■ **TASK REQUIREMENTS**: Please return only the lines from the one holding "Spectacular Kangaroo Island" through the one holding "Philadelphia Museum Of", exactly as they appear in the records below, both ends included.

■ **ENTRIES PROVIDED**:
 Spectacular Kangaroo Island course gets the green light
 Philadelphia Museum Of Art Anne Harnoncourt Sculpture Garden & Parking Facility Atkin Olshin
--
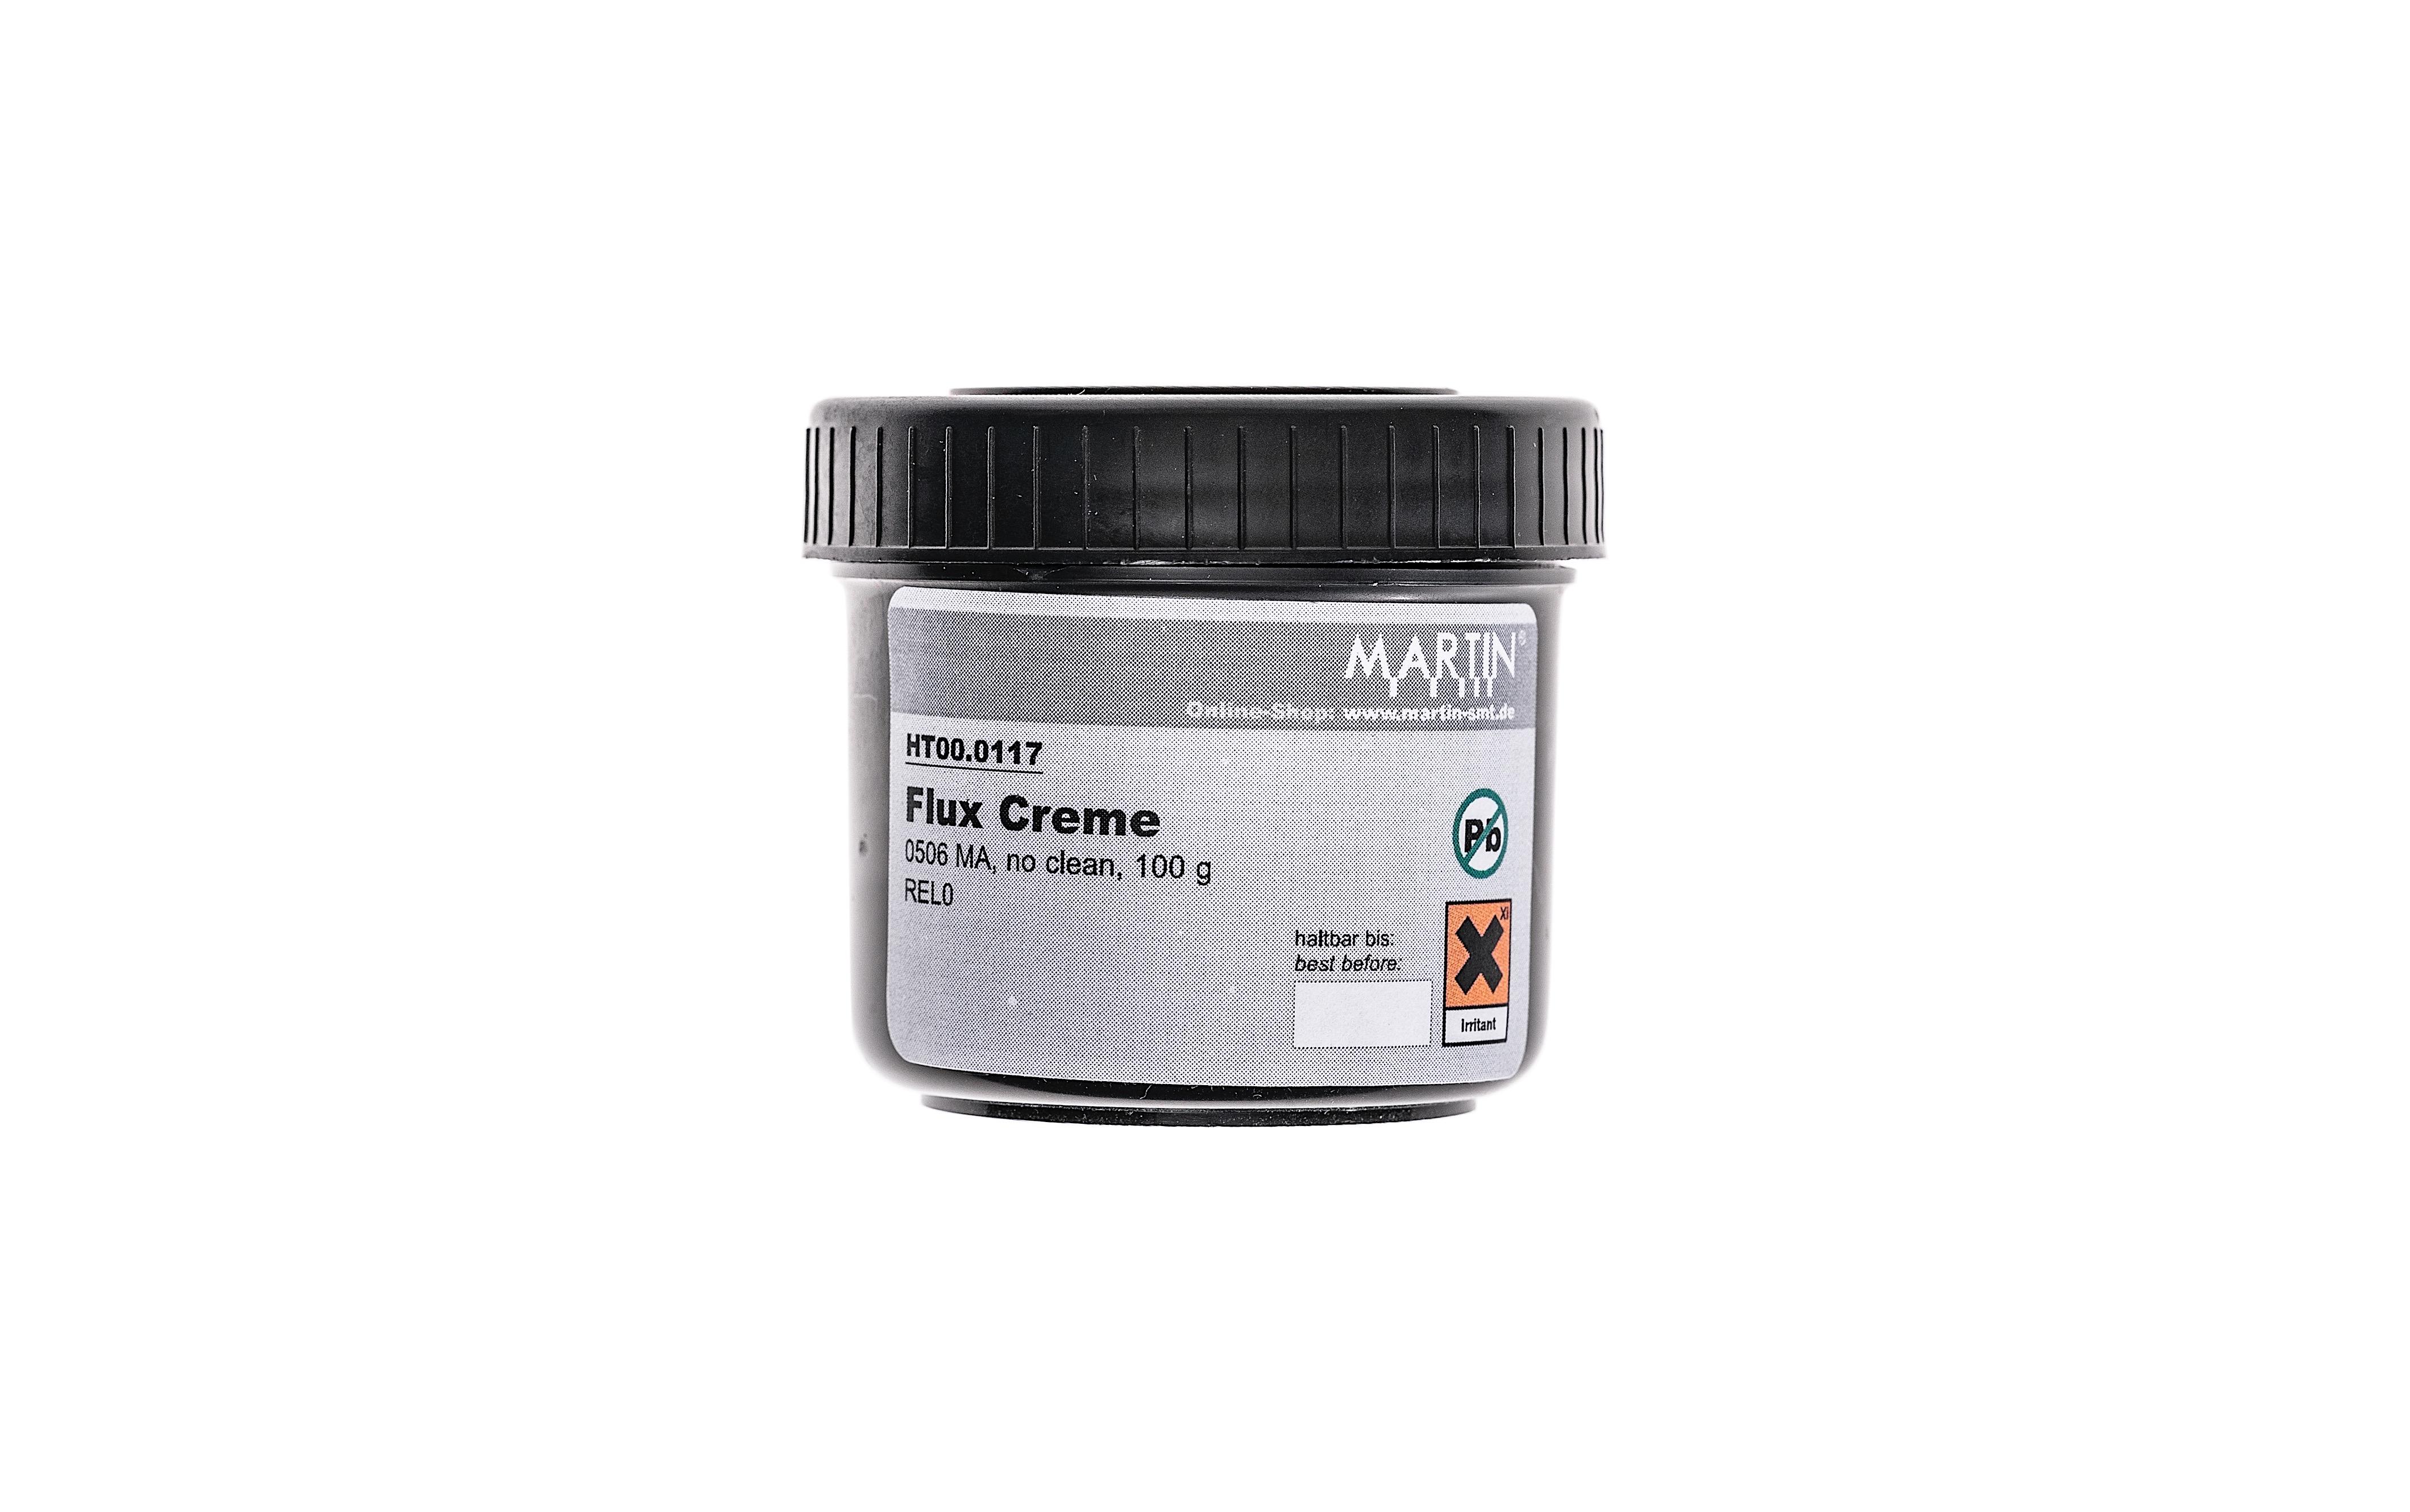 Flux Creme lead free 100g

■ **SOLUTION**:
 Spectacular Kangaroo Island course gets the green light
 Philadelphia Museum Of Art Anne Harnoncourt Sculpture Garden & Parking Facility Atkin Olshin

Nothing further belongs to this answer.